A corrente que passa pelo canal possui uma velocidade muito alta para a manobra de navios, cujas características abordei em artigo anterior, de cerca de 5 nós (9,2 Km/h) no máximo e quase nunca abaixo de 1 nó (1,852 Km/h). Isso é devido ao desenho natural do canal que existe entre a Ilha de Santana e a cidade, que faz com que a corrente seja cerca de uma vez e meia a do Rio Amazonas.
A consequência é que existem horários em que os terminais podem operar com segurança e horários em que o risco é inaceitável para a segurança da navegação, para o meio ambiente, assim como para o navio e instalações portuárias. Estes horários são chamados de “janelas de operação”.

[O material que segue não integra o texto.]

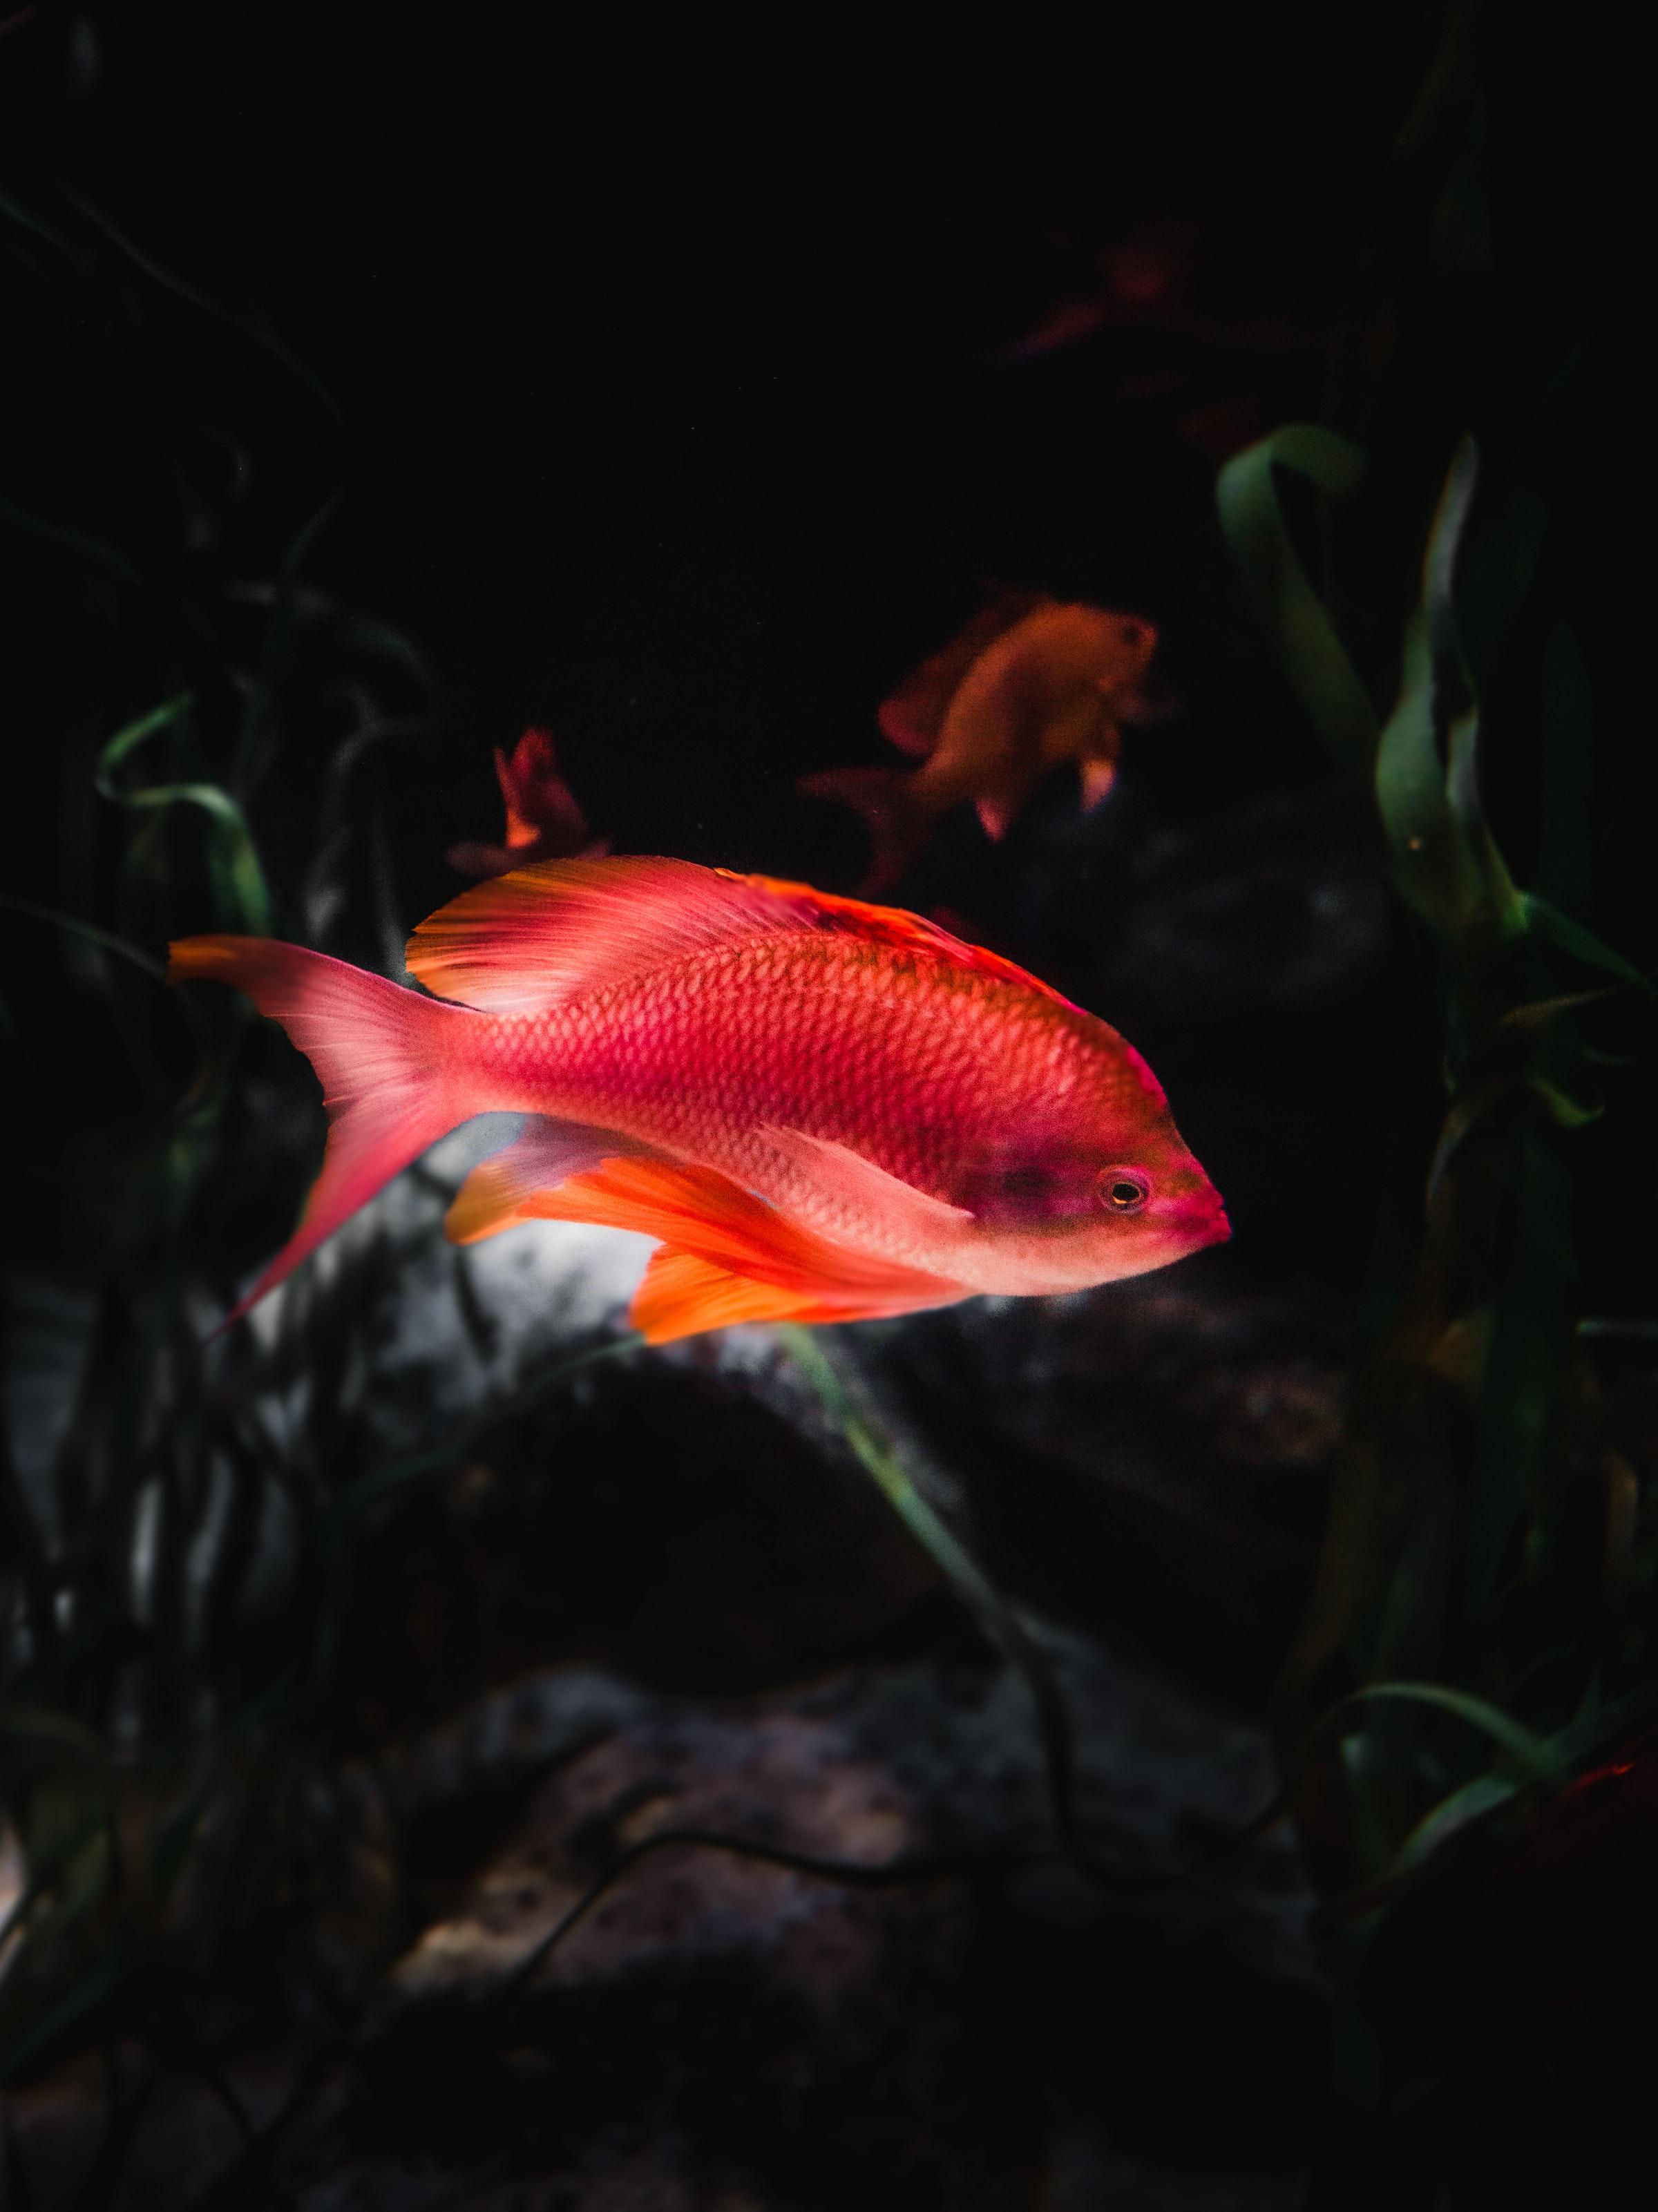 140681 Screensavers and Wallpapers Aquarium for phone. Download Animals, Water, Aquarium, Fish, Orange Fish pictures for free
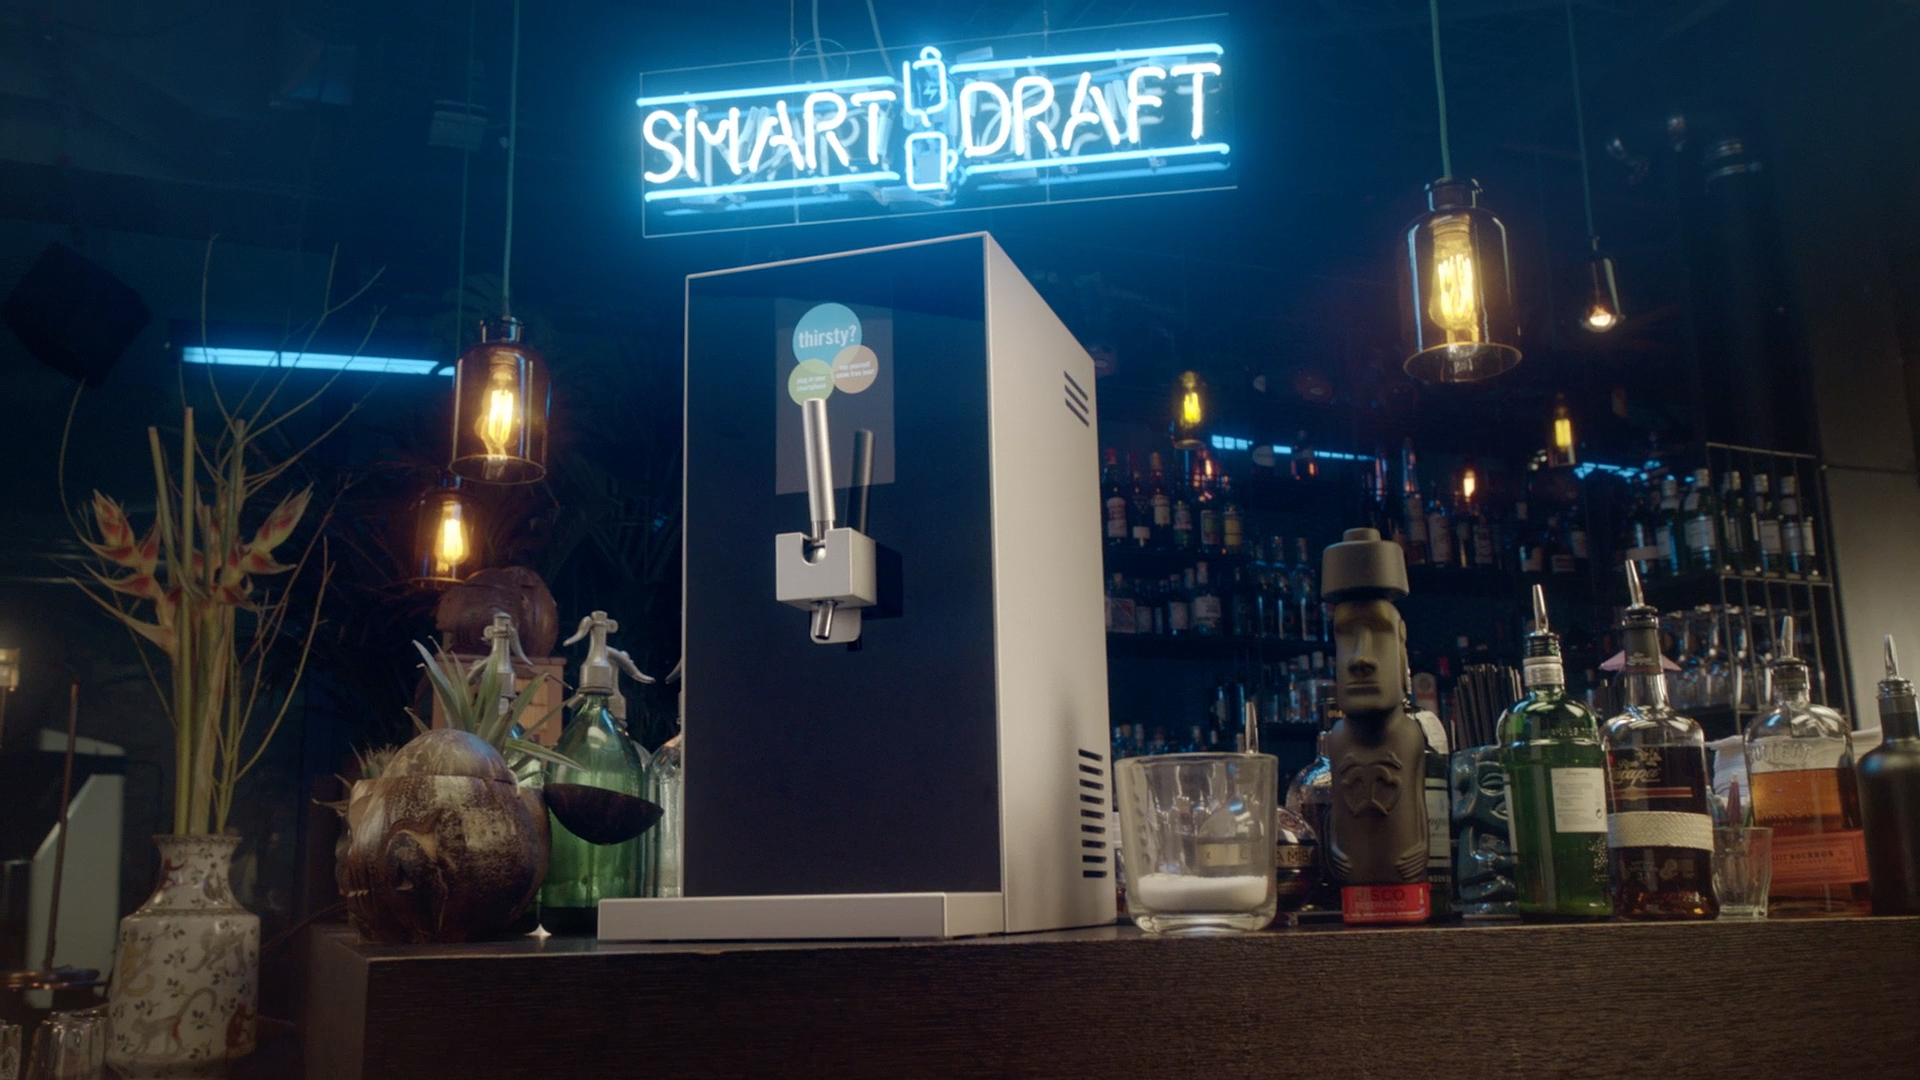 strobel_martin_smartdraft_02

Até um certo limite, com rebocadores melhores, mais potentes ou em maior número, a janela de operação consegue ser bem ampliada e a margem de segurança aumenta bastante. Como na situação atual há muito poucos navios para dividir a conta, o problema é o custo ficar muito alto.
Para as operações que hoje ocorrem na CDSA, e que envolvem navios petroleiros, é deslocado um rebocador azimutal de Santarém, que custa um milhão de reais para fazer uma atracação e uma desatracação.
Apesar do número ser alto, ele é pequeno quando lembramos que o acidente do petroleiro EXXON VALDEZ, no Alaska, em 1989, custou quatro bilhões de dólares apenas com custo de limpeza, fora indenizações. Nenhum de nós quer que ocorra em águas tucujus um acidente como a tragédia de Mariana/MG, que é quase que impagável e irrecuperável.
Nos meses que se seguiram à apresentação do estudo de 2011, conseguimos chegar à um consenso entre todos os profissionais que à época operavam aqui e a Anglo patrocinou a chegada de dois rebocadores apropriados que seriam utilizados também pela Petrobrás (fui a uma reunião na sua sede, localizada na Avenida Chile, no Rio de Janeiro, só para isso) .
Em 2008, a média era de 1 a 2 navios por mês. Até 2010, média de 6 a 7 navios por mês. A partir de 2011, com os novos rebocadores, passamos a operar de 13 a 22 navios por mês, apesar da queda do terminal da Anglo, ocorrido em 28 de março de 2014 .
Esta quantidade de navios justifica a presença fixa de dois rebocadores e o custo por manobra cai, drasticamente, para a faixa de cem mil dólares, aproximadamente, à época.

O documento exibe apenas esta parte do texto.